Important Distinction
This evaluation focuses on Mission Control platform health — the components that make MC work (canary-checker, config-db, mission-control deployments, core health checks, scrapers, jobs). It does NOT evaluate demo workloads or user-created resources unless they indicate a platform problem.
Known expected-fail checks: Some health checks have the label Expected-Fail=true. These are intentional test checks and should be excluded from failure counts and findings.
Parameters
When invoked, check if the user specified:
- time_window: Lookback period (default:
24h) - target: Environment to evaluate (ask user if not specified)
Evaluation Procedure
Execute these phases sequentially.
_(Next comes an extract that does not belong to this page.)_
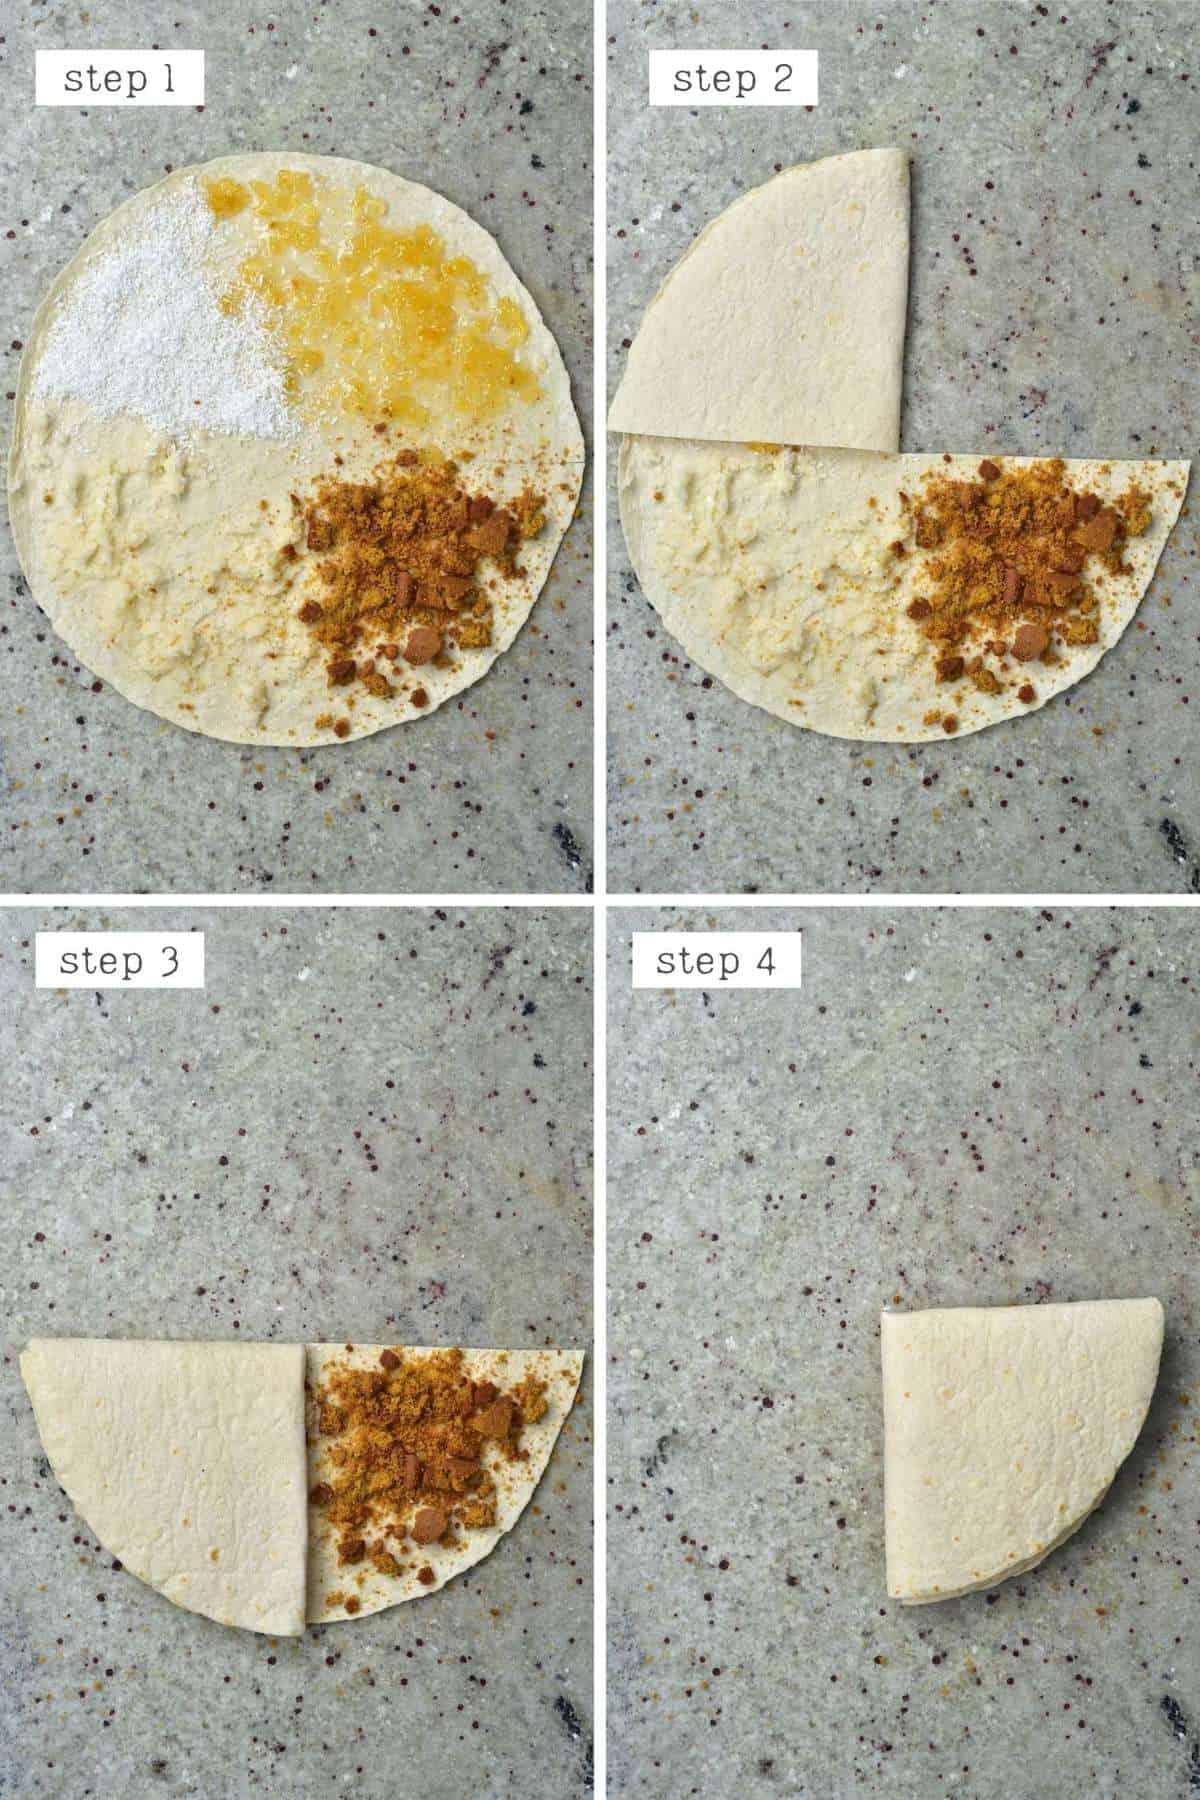 Steps for folding a tortilla

After each phase, record component status and findings.
Initialize a running JSON result conforming to @skills/promotion-eval-mission-control/schema.json with:
{
"verdict": "READY",
"evaluated_at": "<current ISO timestamp>",
"time_window": "<window>",
"target": "<target environment>",
"components": {},
"findings": [],
"recommendations": []
}
Catalog Type Reference
These are the confirmed MissionControl catalog types:
MissionControl::ScrapeConfig— config scrapersMissionControl::Playbook— playbook definitionsMissionControl::Notification— notification rulesMissionControl::Job— background jobsMissionControl::Canary— canary check definitionsMissionControl::Connection— external connectionsMissionControl::Topology— topology definitions
Phase 1: Health Check Pipelines
Goal: Determine if health checks are running and passing.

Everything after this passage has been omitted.